Thank you and you're welcome.
I'm content to realize that something bigger than me is loose in the universe. I have no compulsion to seek the approval of the Sky Daddy, though.
Merle the Sky Daddy thinks you are the best thing evah.
If I understand correctly, Reya, your theory would then presuppose a distinction between our specifically shaped reality and the divine realm. I don't see that.
I see a connectedness between all things. A power, a vibration, a soul, if you will, in everything on Earth (and in the neverending universe) . I think the power itself is Love. In fact, even though I often us the word 'God,' my brain literally sees the word as 'Love.'
Gaia, if you'd rather use that name, is in everything...the trees, the soil, you, me, our brethren around the world, the oceans, the wildlife, our crops, etc. It is in us, and we are in it.
Maybe an image more to my liking than the conveyor belt would be something like the rays of the sun with its warming beams, or an eternal font of spring water, with the water pouring forth, sustaining and nurturing everything in its path, taking new forms, generating new life, and creating new pathways...the source and the sustenance of everything contained by it and in it.
We each have our own ideas, and our own interpretations, of course. The important thing is to continue asking questions and seeking answers...together, if possible.
I think you have expressed the Divine very well.
I have been having discussions with several people recently about the nature of Goddess/God. It may just be my experience but I think that in focusing so tightly on the Goddess, you miss the full meaning and message of the God.
My personal feelings are that God or Divinity is in the relationship between the Male and Female in us all. So in this sense, the Divine is formless as each relationship is different.
Hope this makes sense, it will always be a work in progress to understand the Divine. That's why I call it a path, it's a journey. :)
Oh, and I also have dedicated myself to Brighid. Her creativity and passion that make her the patron of healing, smithing and poetry just light up my life. :)
Jo, my guess is we're thinking the same thing, using different words to describe it. Wish we could sit down and drink coffee and talk about it for hours!
I am a bit behind in reading blogs since I didn't do so while in Europe en vacance.
Wicca has always had an allure for me. I just noticed a "class" in a town not too far from me that is starting up in a few weeks. Is a "class" necessary do you think? I've read books, but it seems hard to put what I read into action. ?
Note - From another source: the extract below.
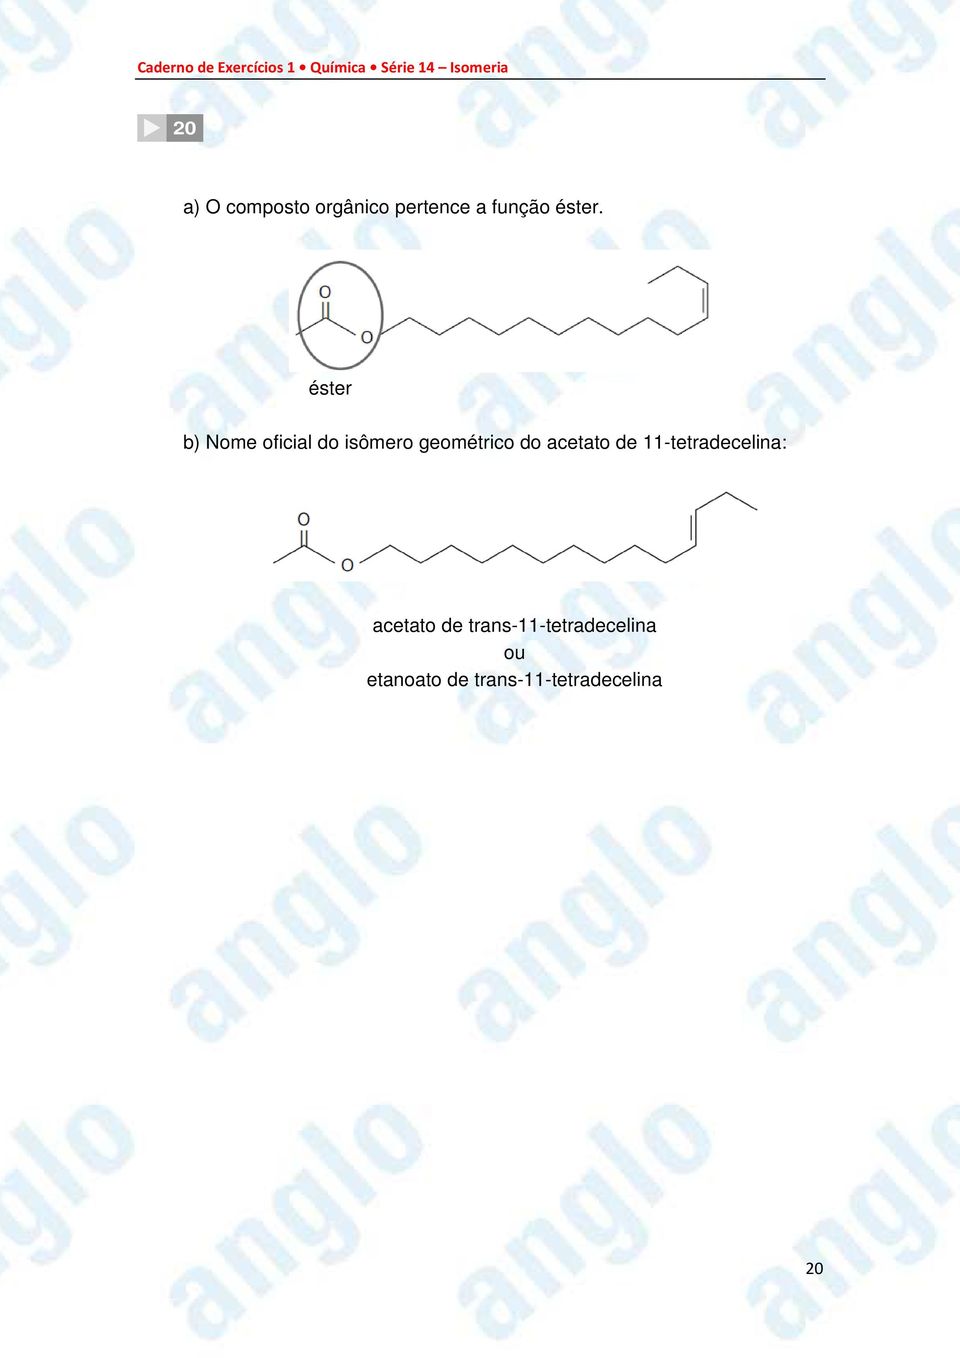 acetato de 11-tetradecelina: acetato de

As always, you are inspirational to read. Loved this.
A class really helps because it will bring you from the theoretical into the experiential. Also it provides you with instant community from which you can get feedback and advice - ALWAYS a good thing when practicing magic.
"Smite" is such a great word. "Smote" is even better. :)
I don't think of God as a personification -- more like a force, or a structure of things as they truly are that's beyond our comprehension. I don't think God has a will or directs things, though. As Merle so colorfully put it, no Sky Daddy.
I, too, love the word SMITE. Remember in the early days of computers when you could buy little stickers to place over the DELETE key, stickers that said SMITE? Fun.